-- Collected material --
----
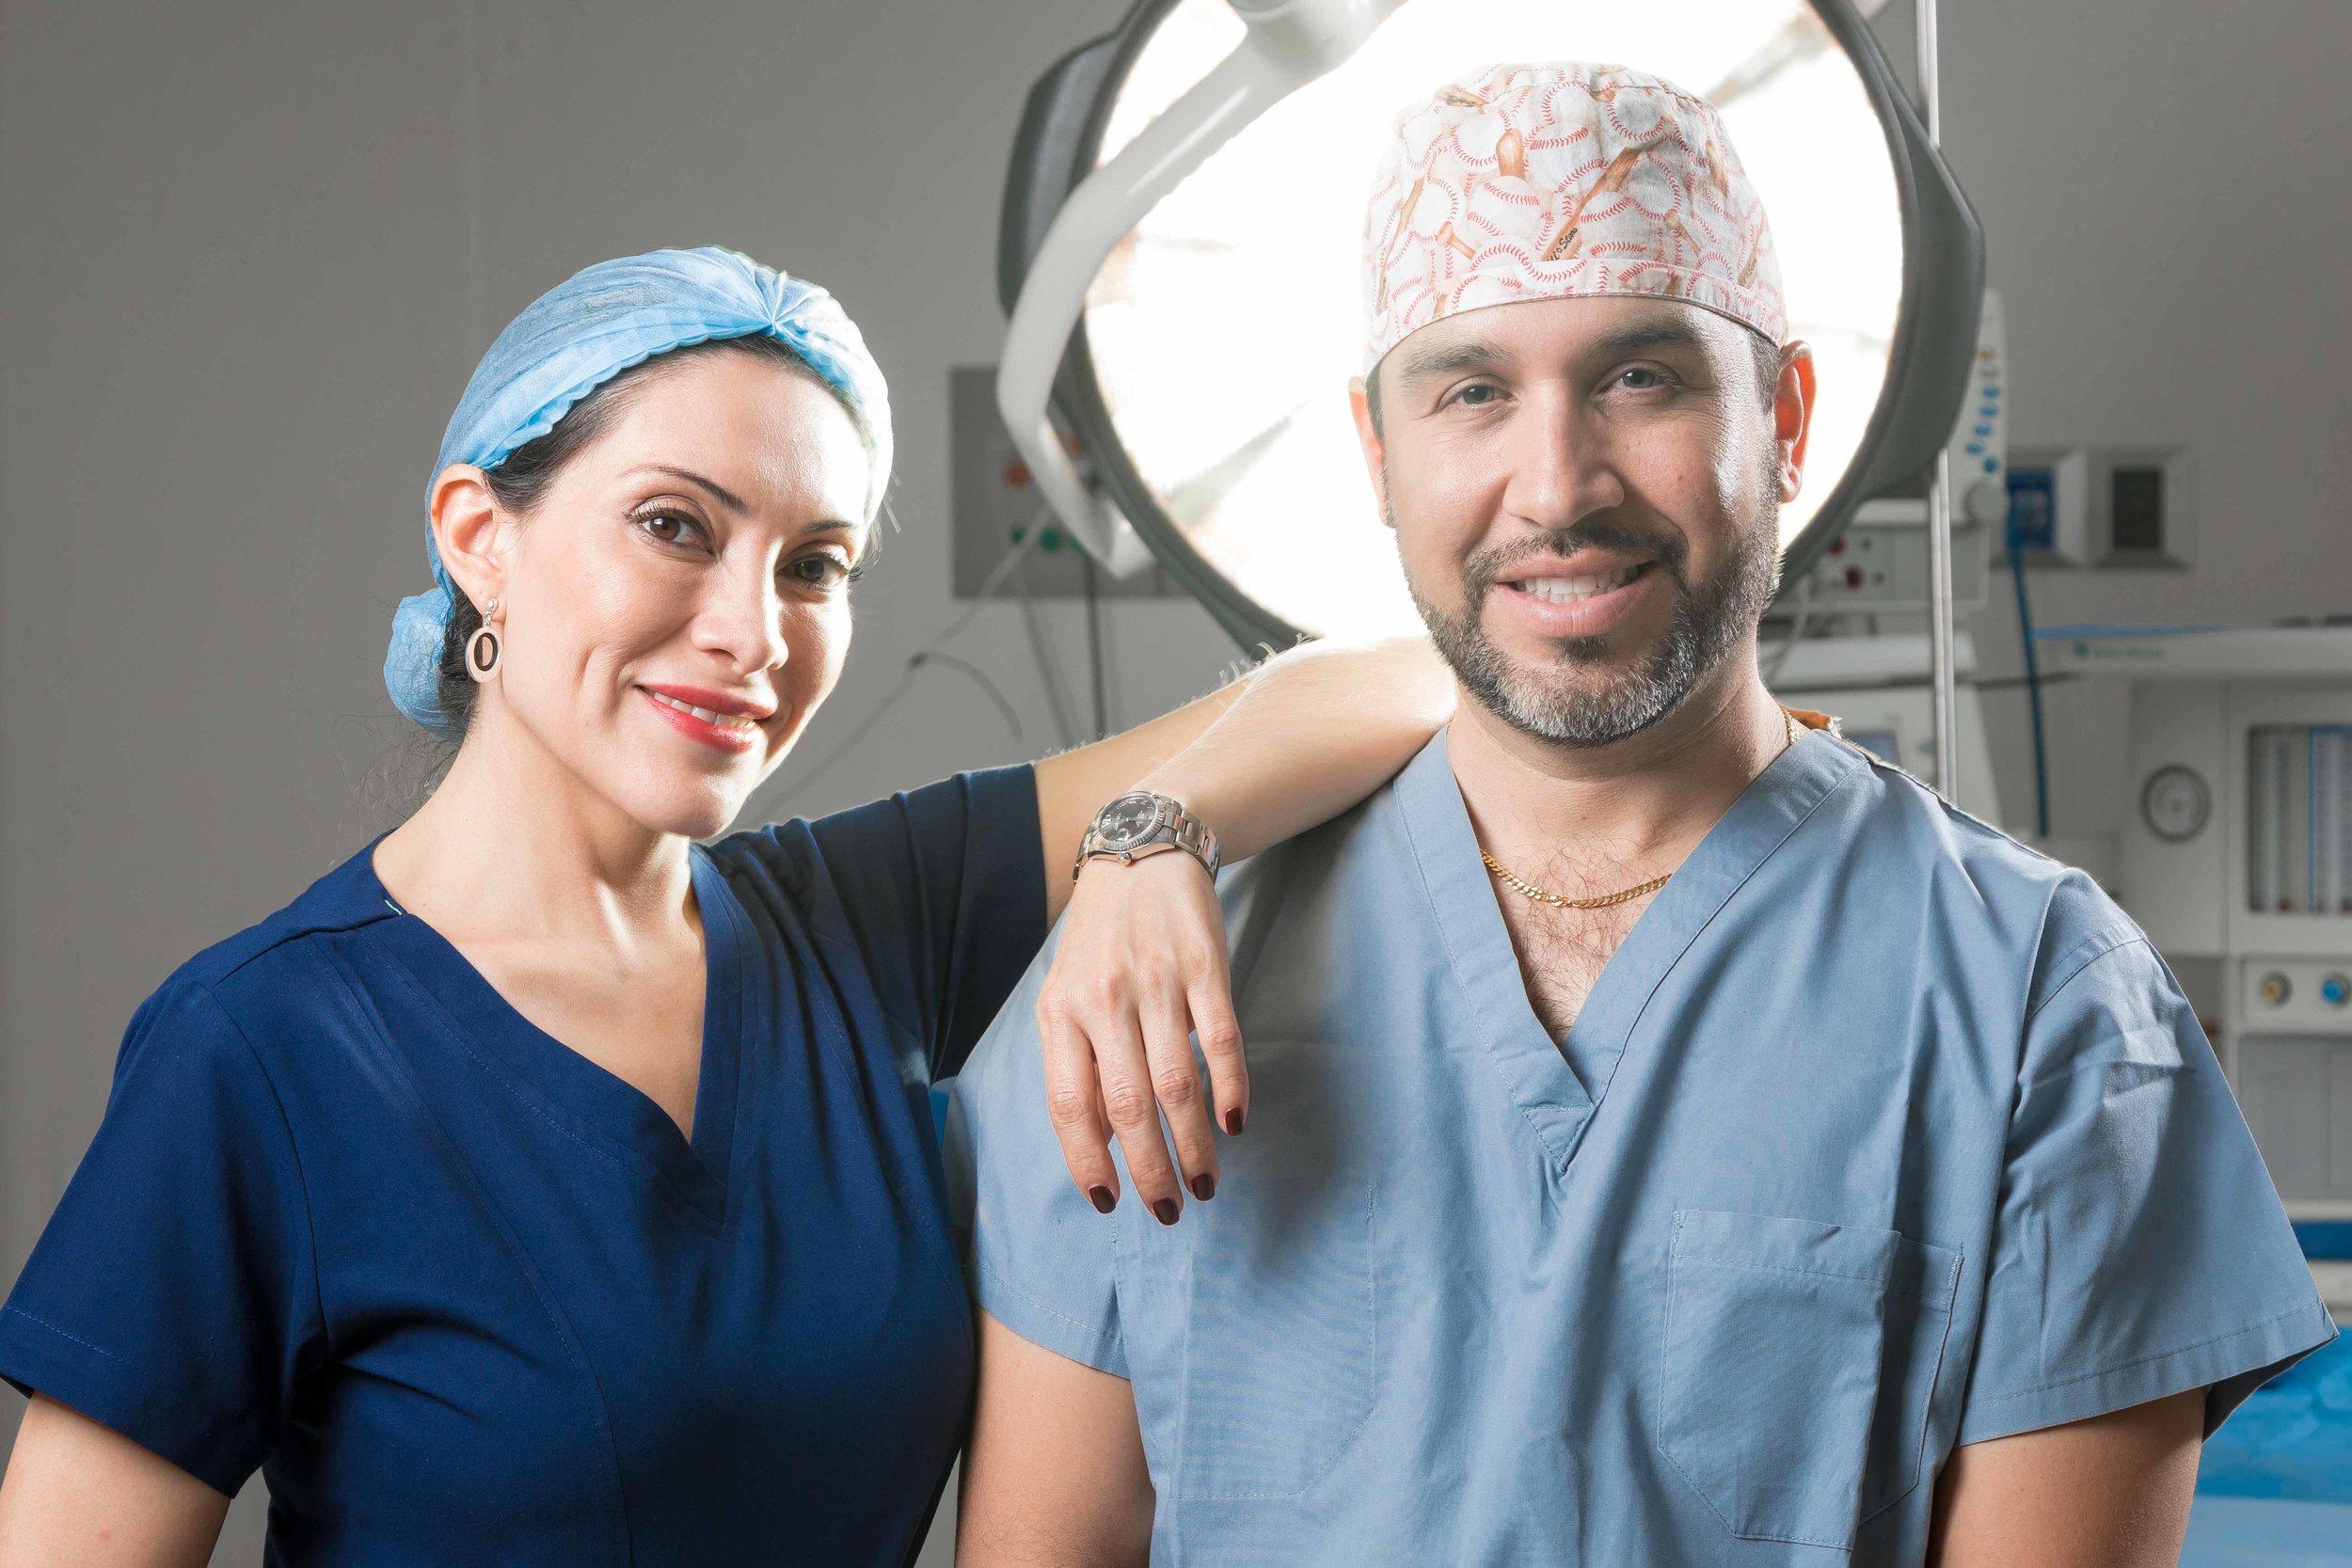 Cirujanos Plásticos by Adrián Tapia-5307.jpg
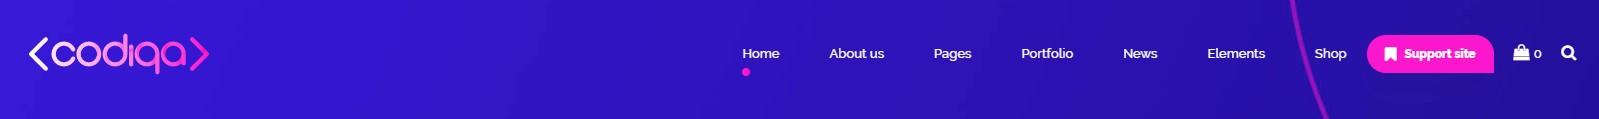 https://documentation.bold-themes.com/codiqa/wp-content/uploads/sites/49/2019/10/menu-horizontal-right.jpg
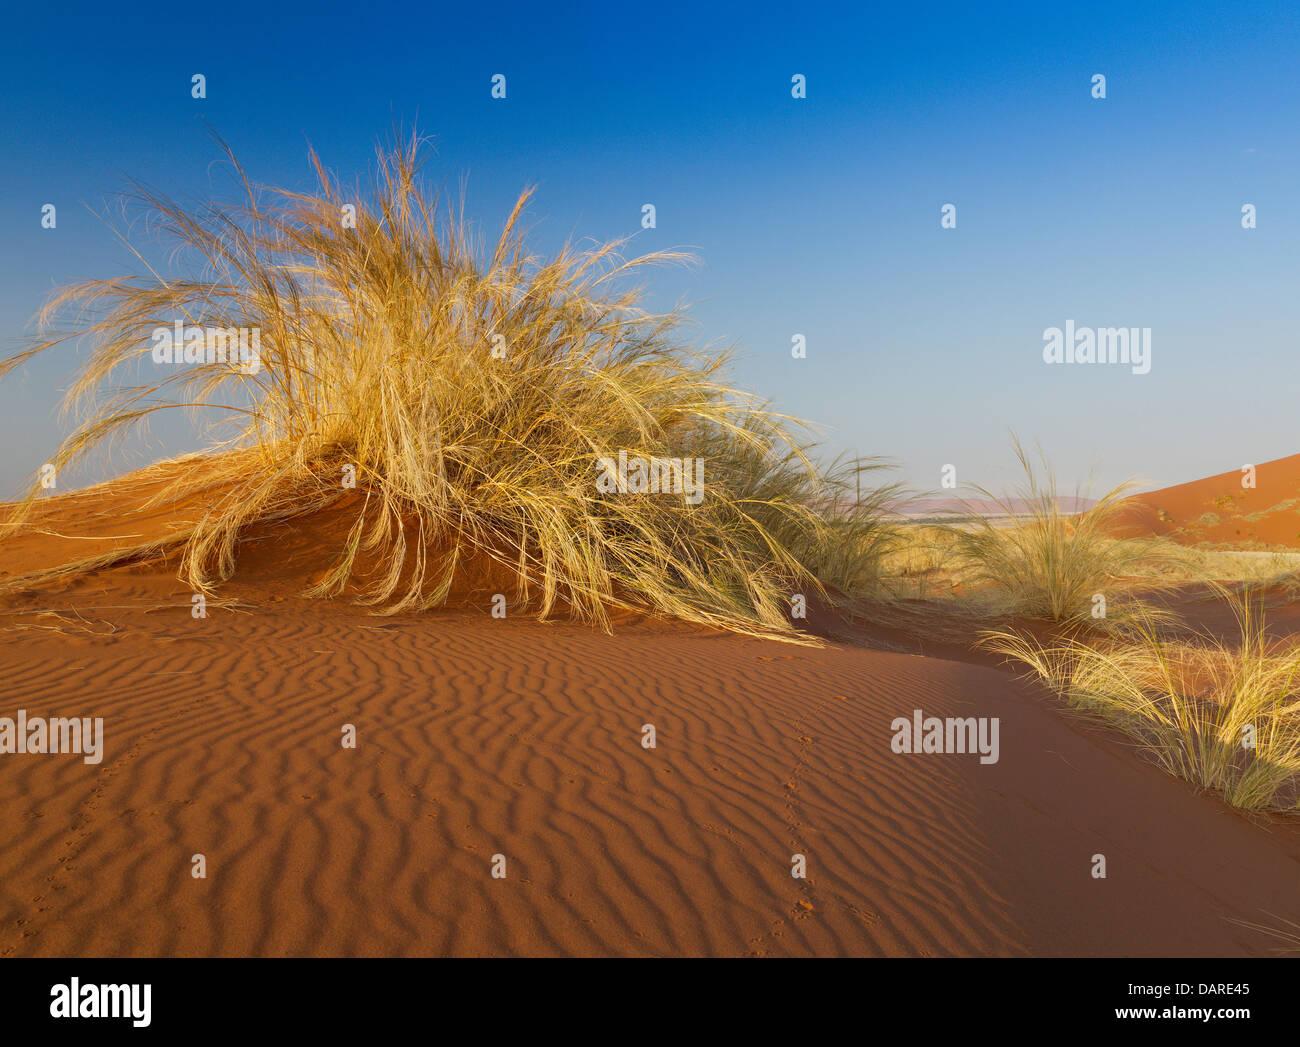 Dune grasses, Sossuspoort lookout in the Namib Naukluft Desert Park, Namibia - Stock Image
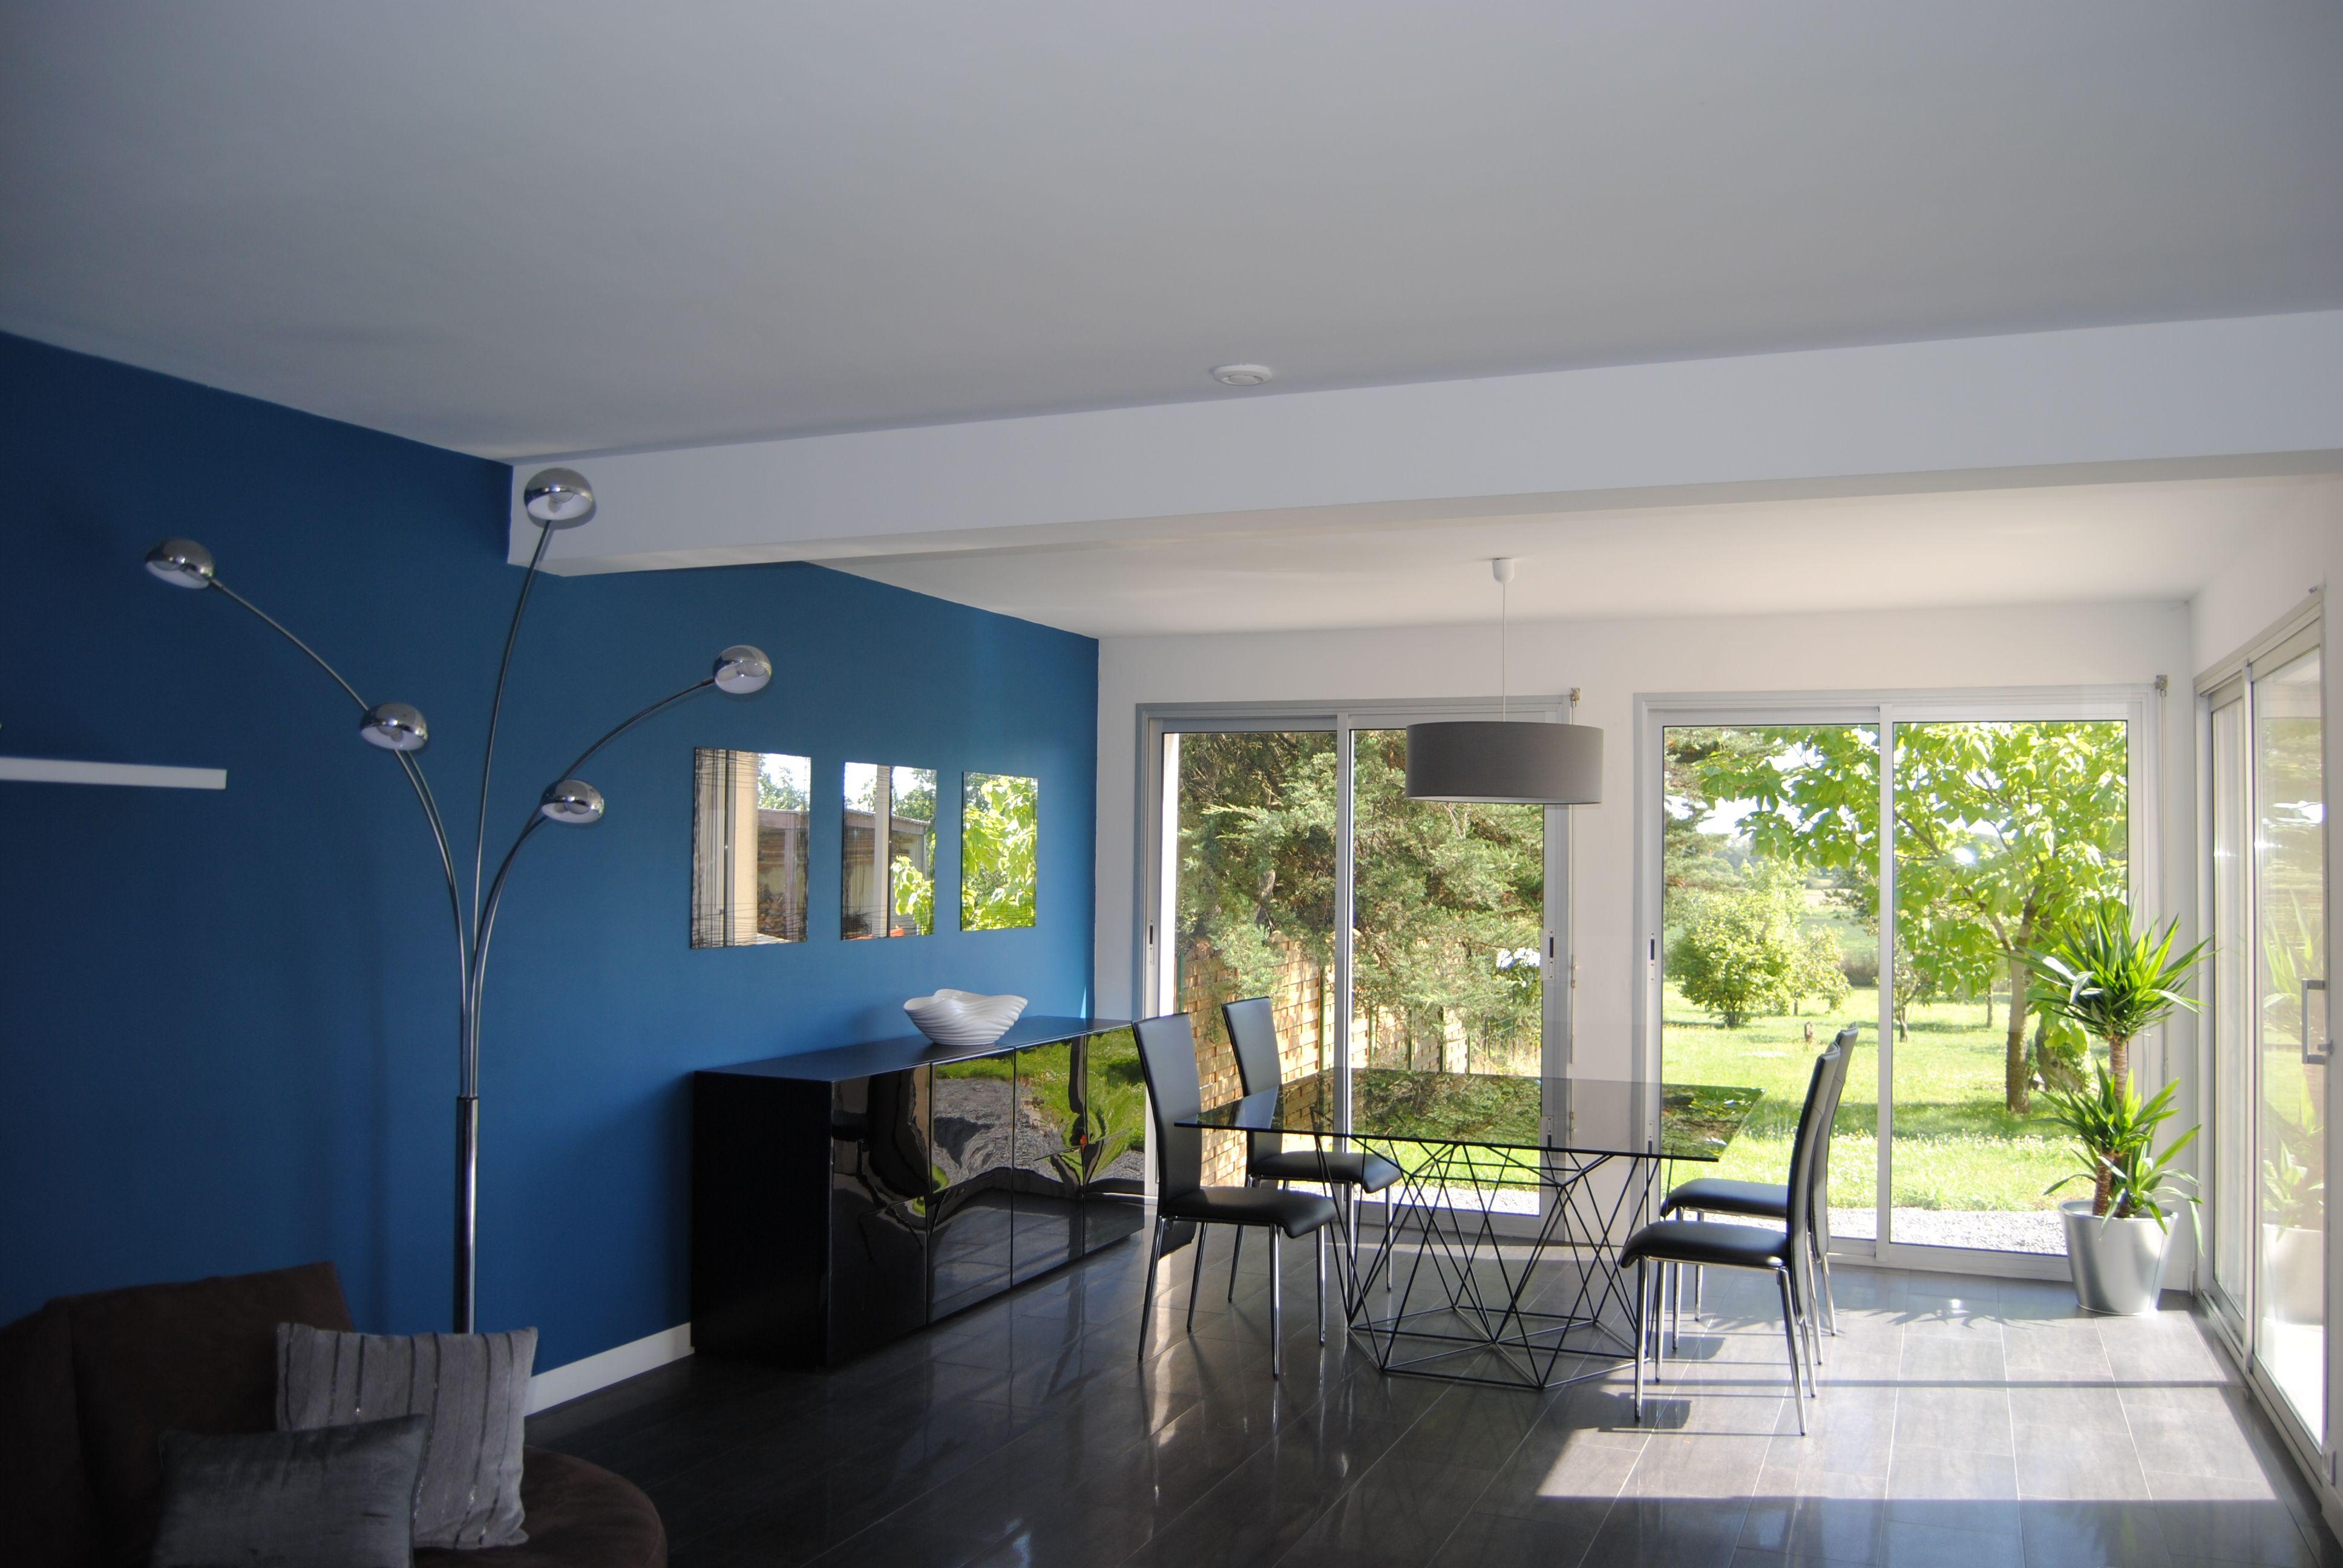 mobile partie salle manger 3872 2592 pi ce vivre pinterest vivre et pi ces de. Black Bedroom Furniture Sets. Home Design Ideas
----
-- To do --
Only the lines from the one containing "Dune grasses, Sossuspoort" through the end of the listing above should be reproduced, exactly as they stand. Leave the pictures out.

-- Expected answer --
 Dune grasses, Sossuspoort lookout in the Namib Naukluft Desert Park, Namibia - Stock Image
 mobile partie salle manger 3872 2592 pi ce vivre pinterest vivre et pi ces de. Black Bedroom Furniture Sets. Home Design Ideas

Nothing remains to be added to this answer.